> Data
::::::::
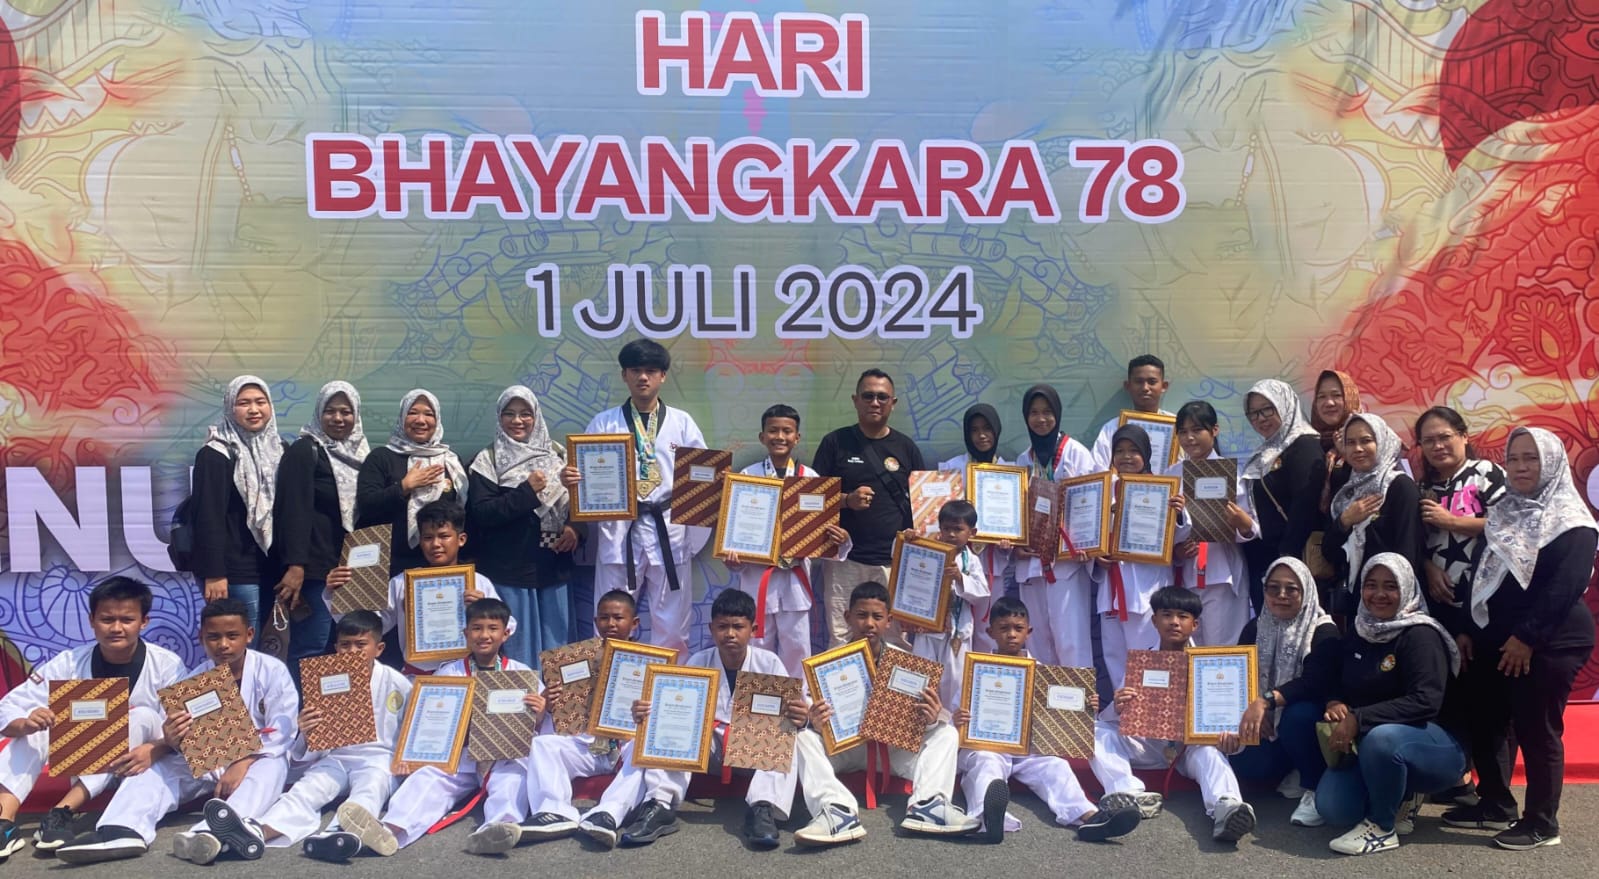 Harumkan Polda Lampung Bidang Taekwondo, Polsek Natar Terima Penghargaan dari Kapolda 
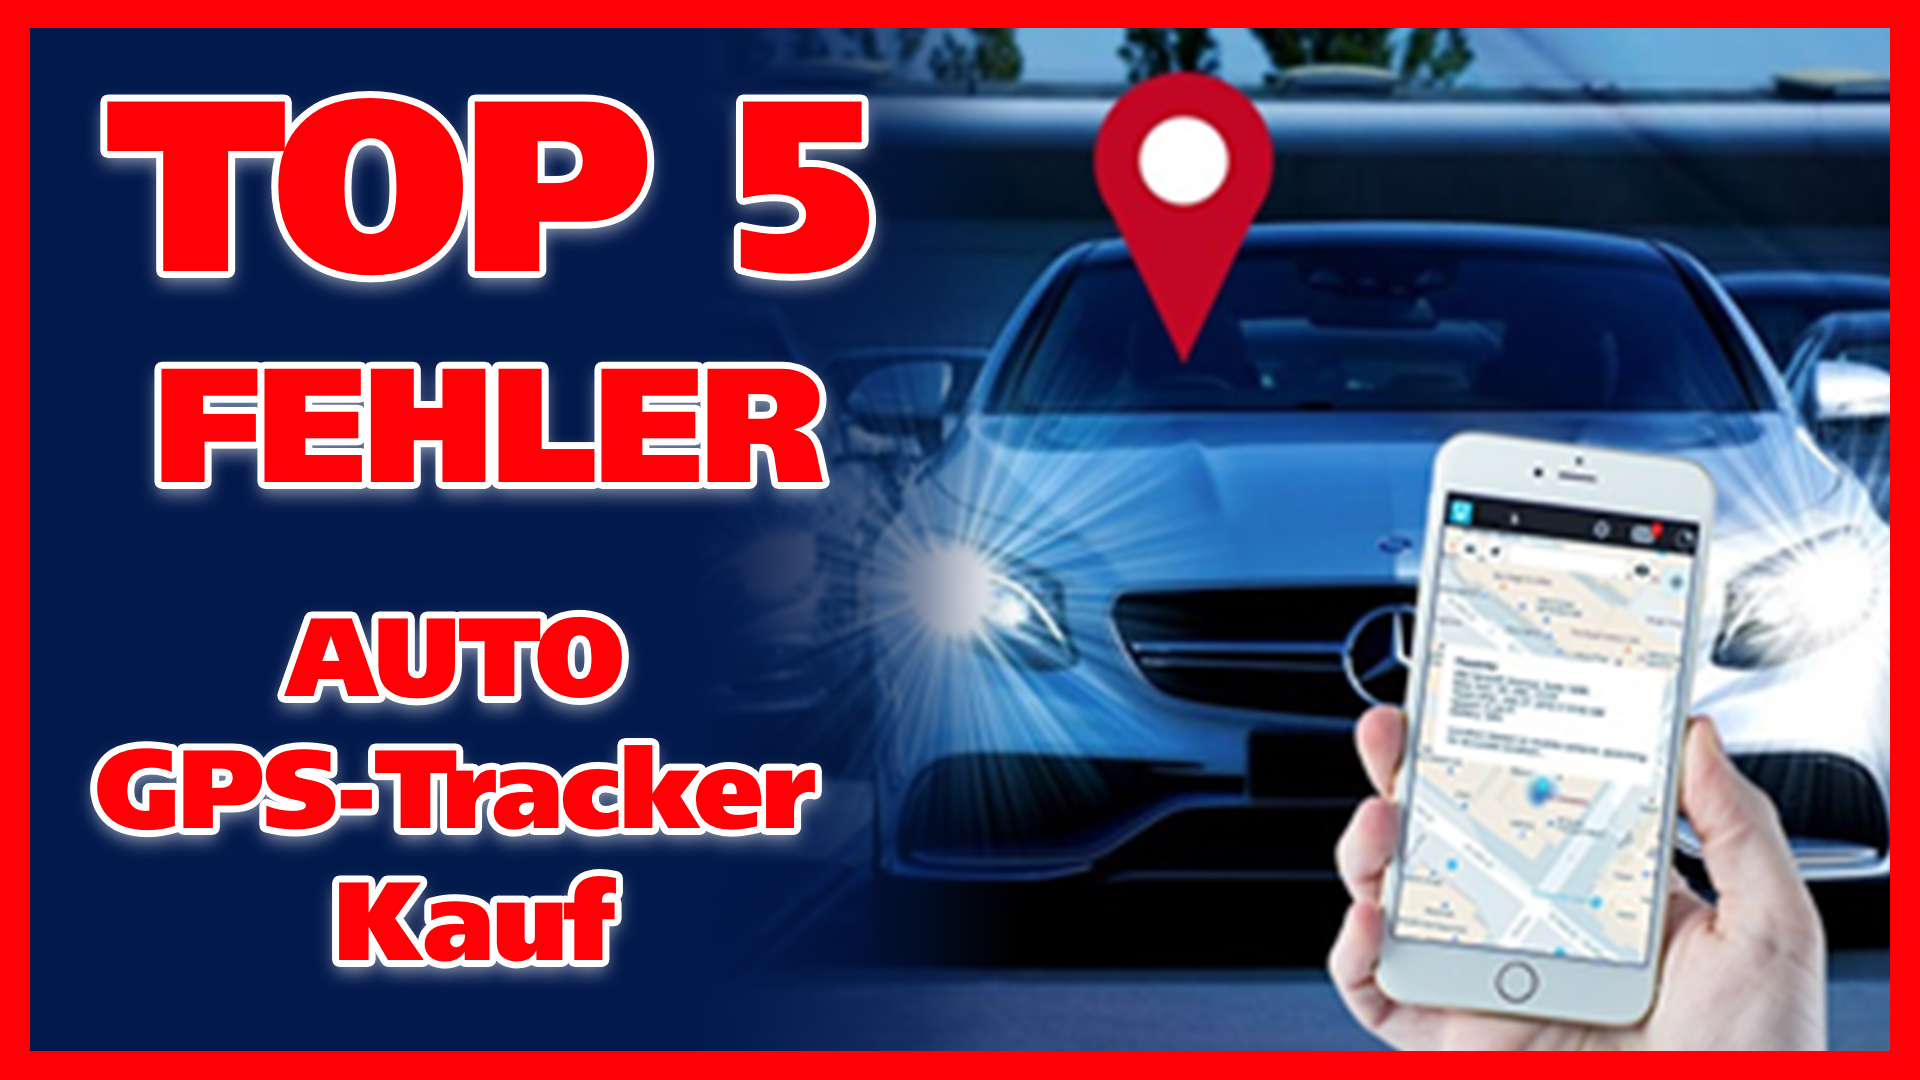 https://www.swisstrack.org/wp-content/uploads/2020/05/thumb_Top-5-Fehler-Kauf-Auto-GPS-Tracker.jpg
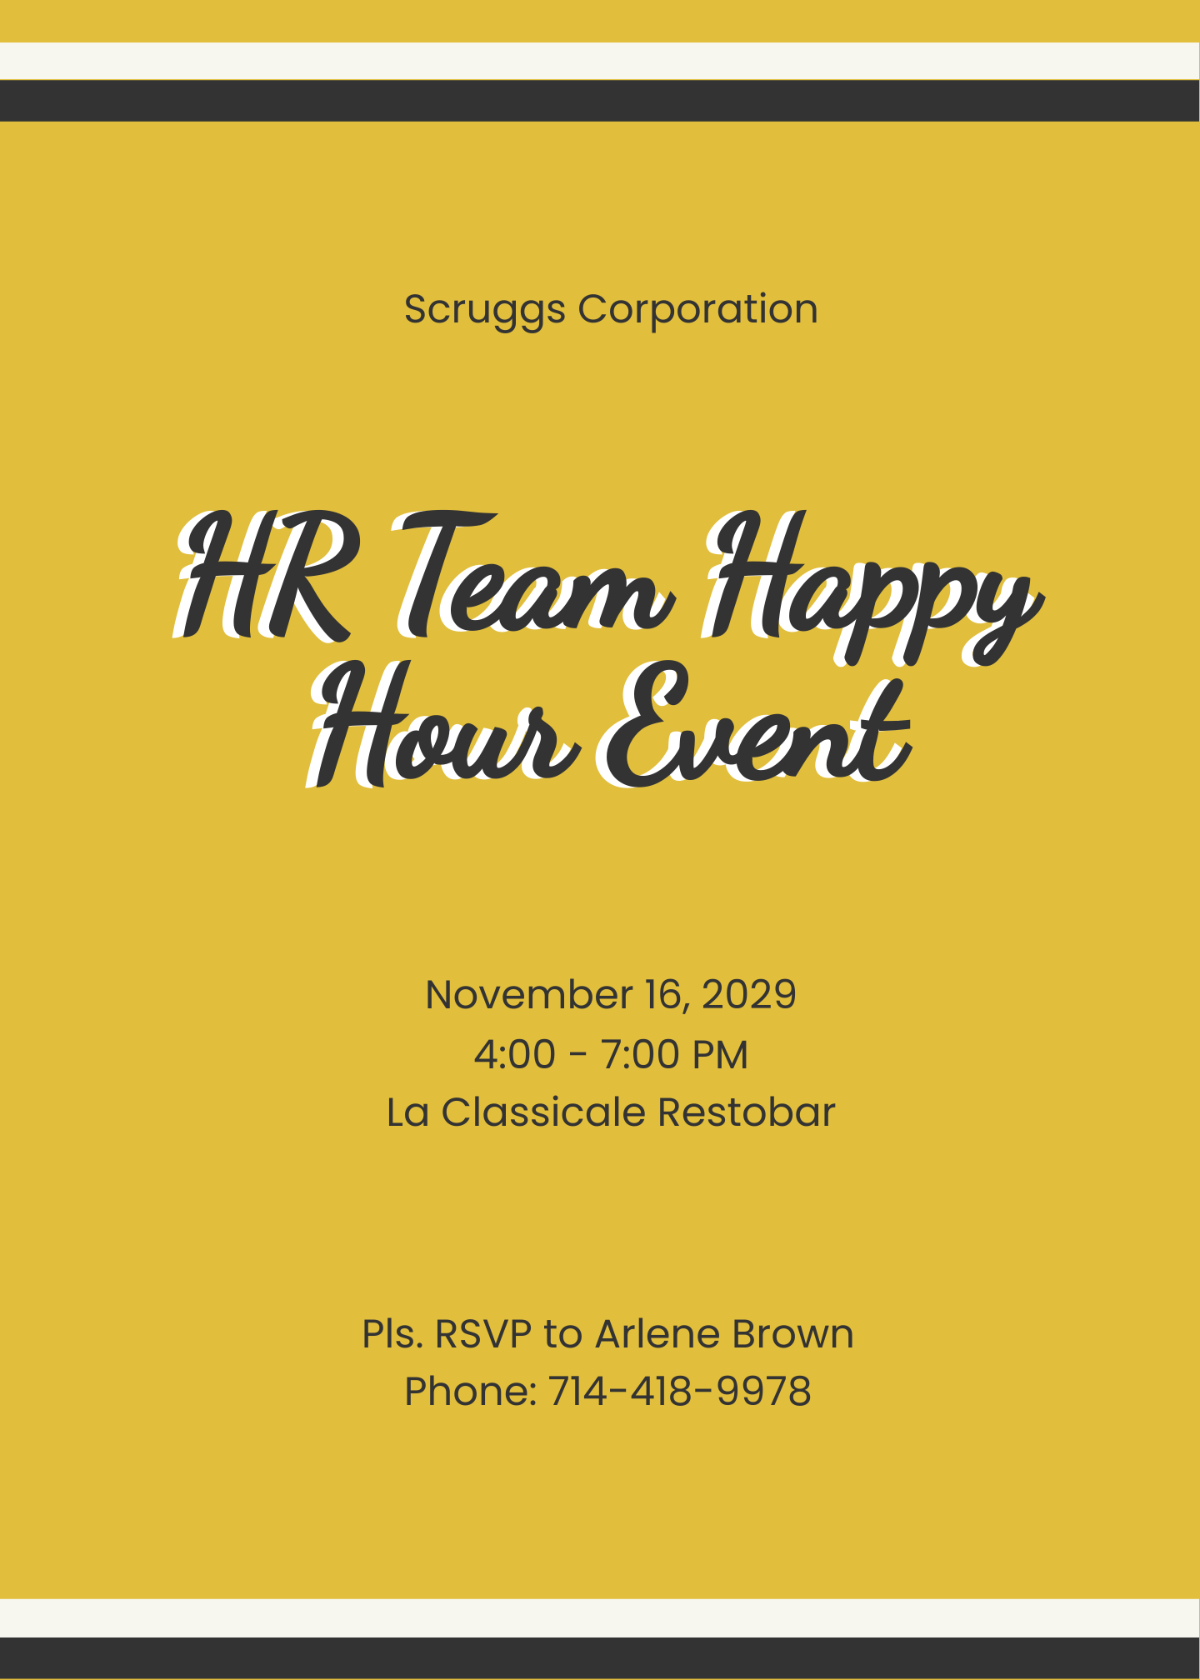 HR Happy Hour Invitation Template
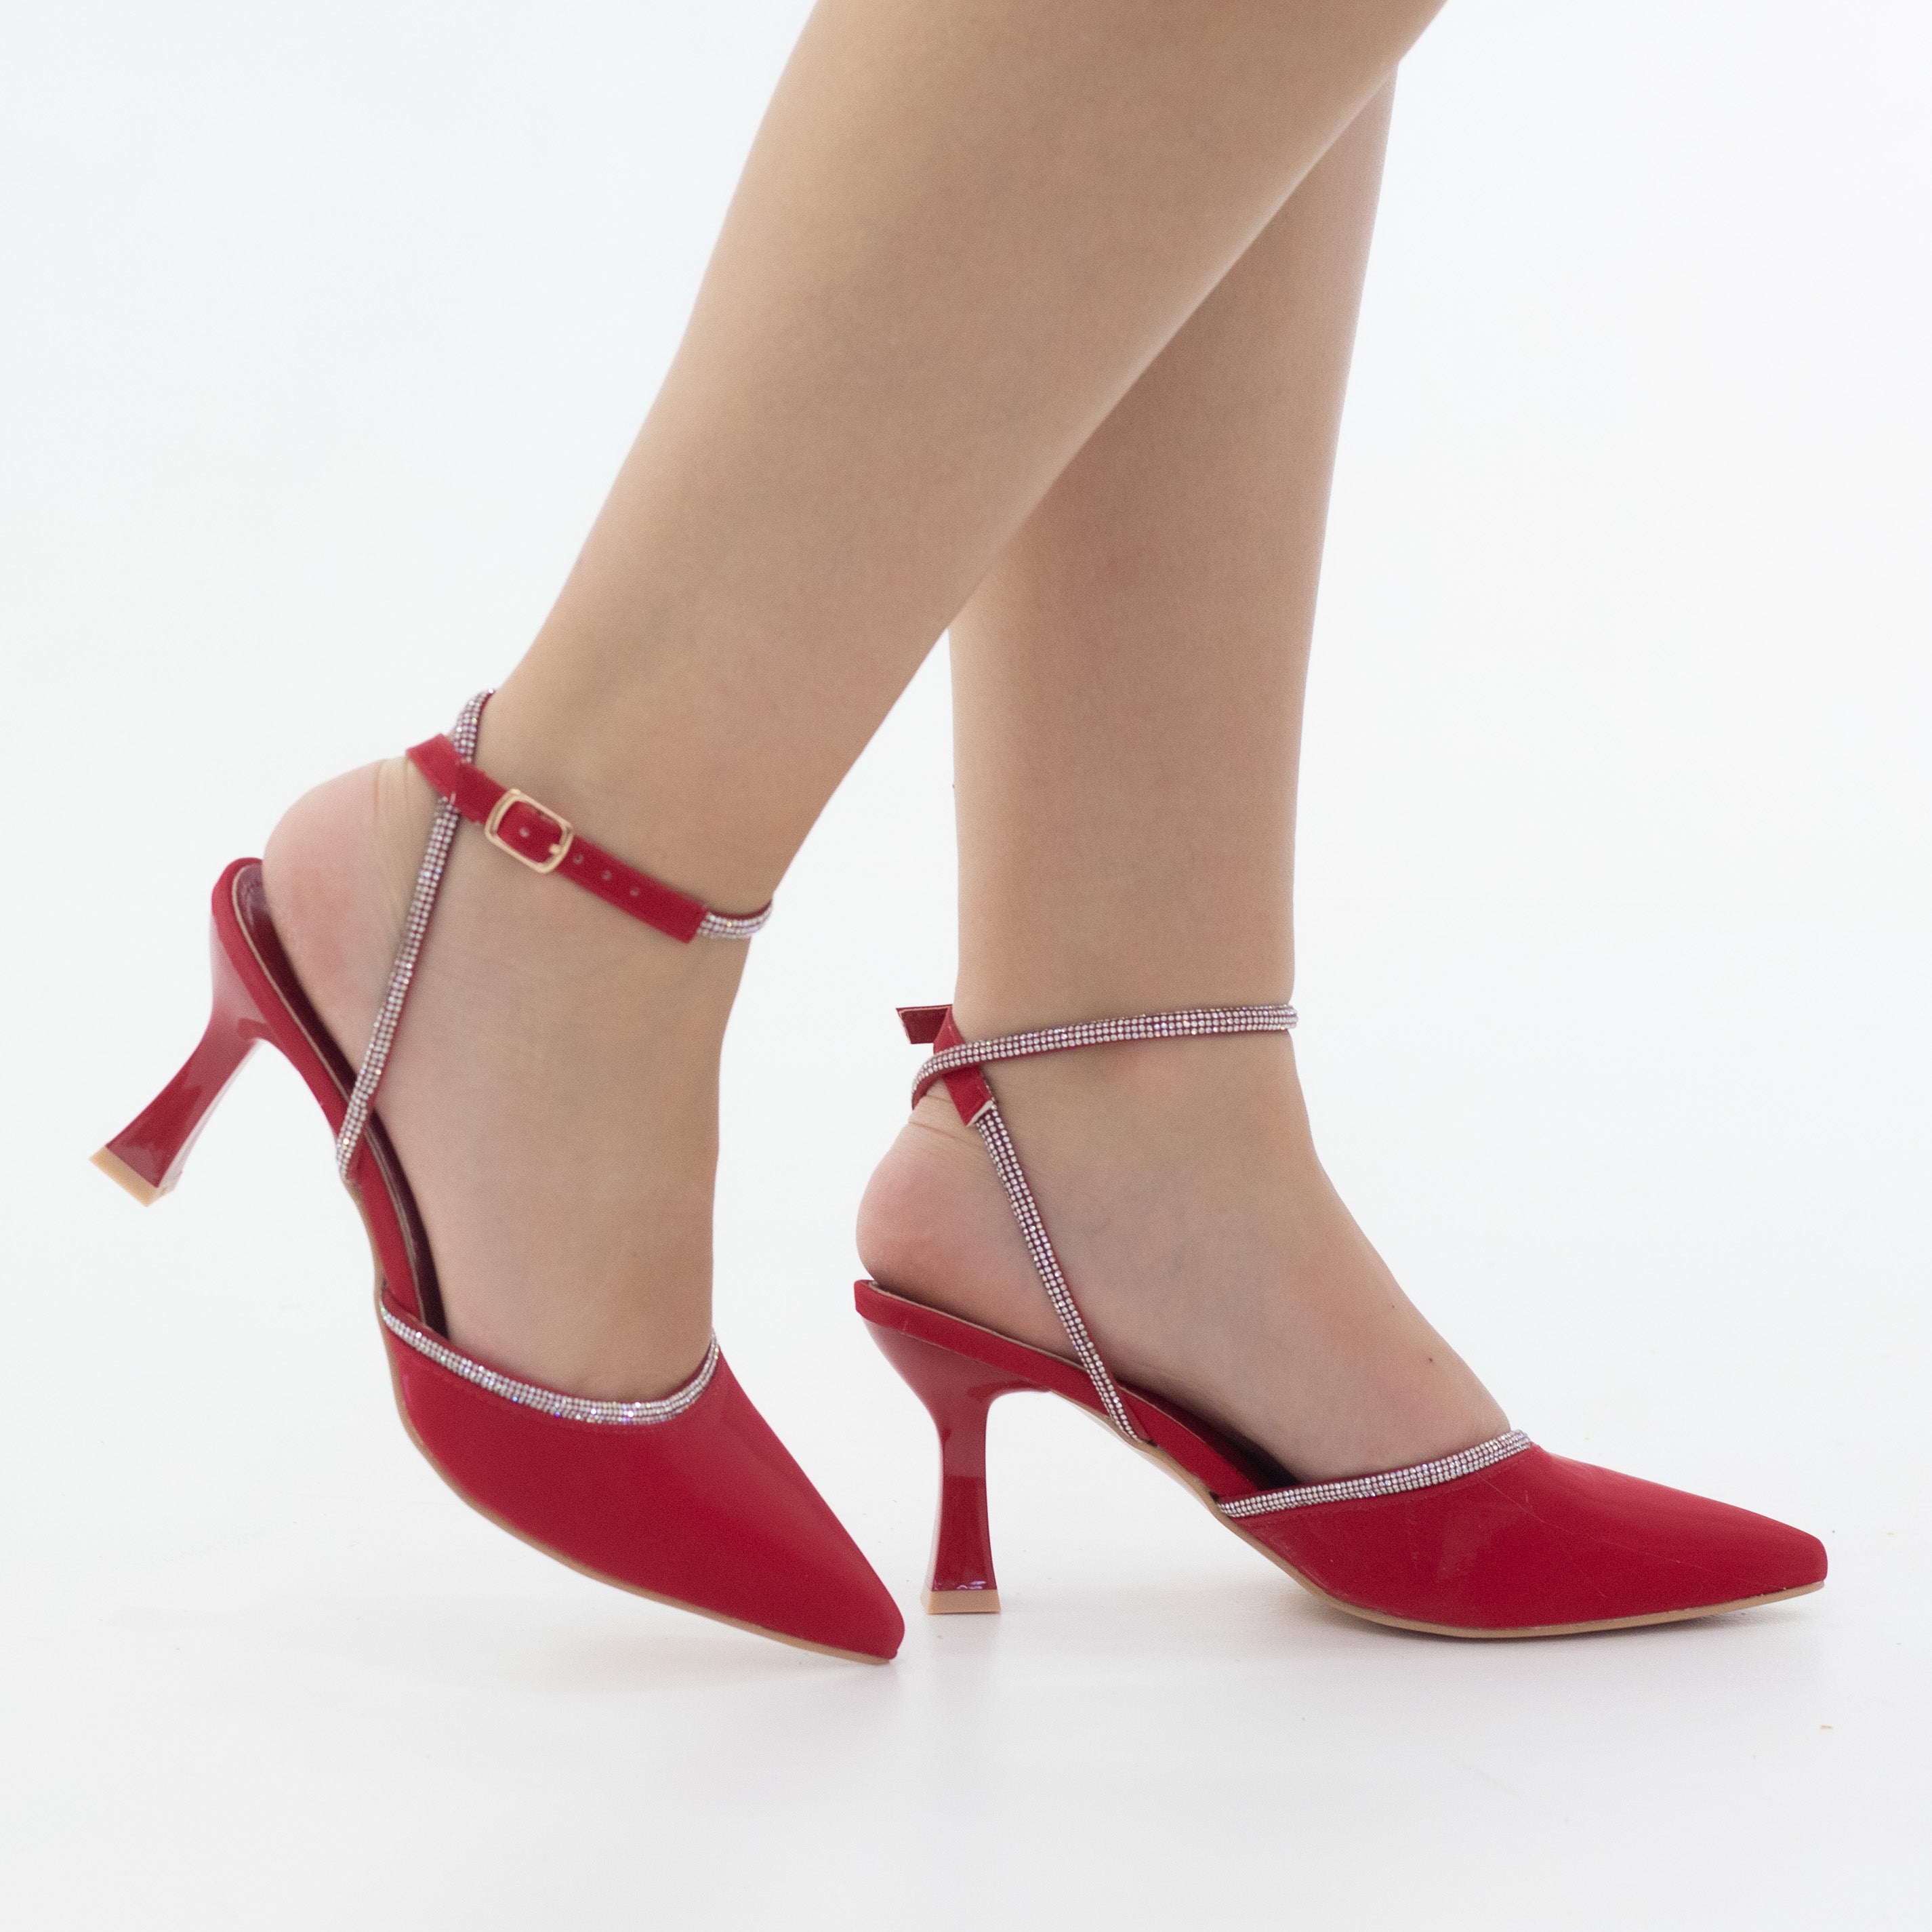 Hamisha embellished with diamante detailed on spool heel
::::::::
> The problem
Without including any images, output the data exactly as given.

> Written answer
 Harumkan Polda Lampung Bidang Taekwondo, Polsek Natar Terima Penghargaan dari Kapolda 
 https://www.swisstrack.org/wp-content/uploads/2020/05/thumb_Top-5-Fehler-Kauf-Auto-GPS-Tracker.jpg
 HR Happy Hour Invitation Template
 Hamisha embellished with diamante detailed on spool heel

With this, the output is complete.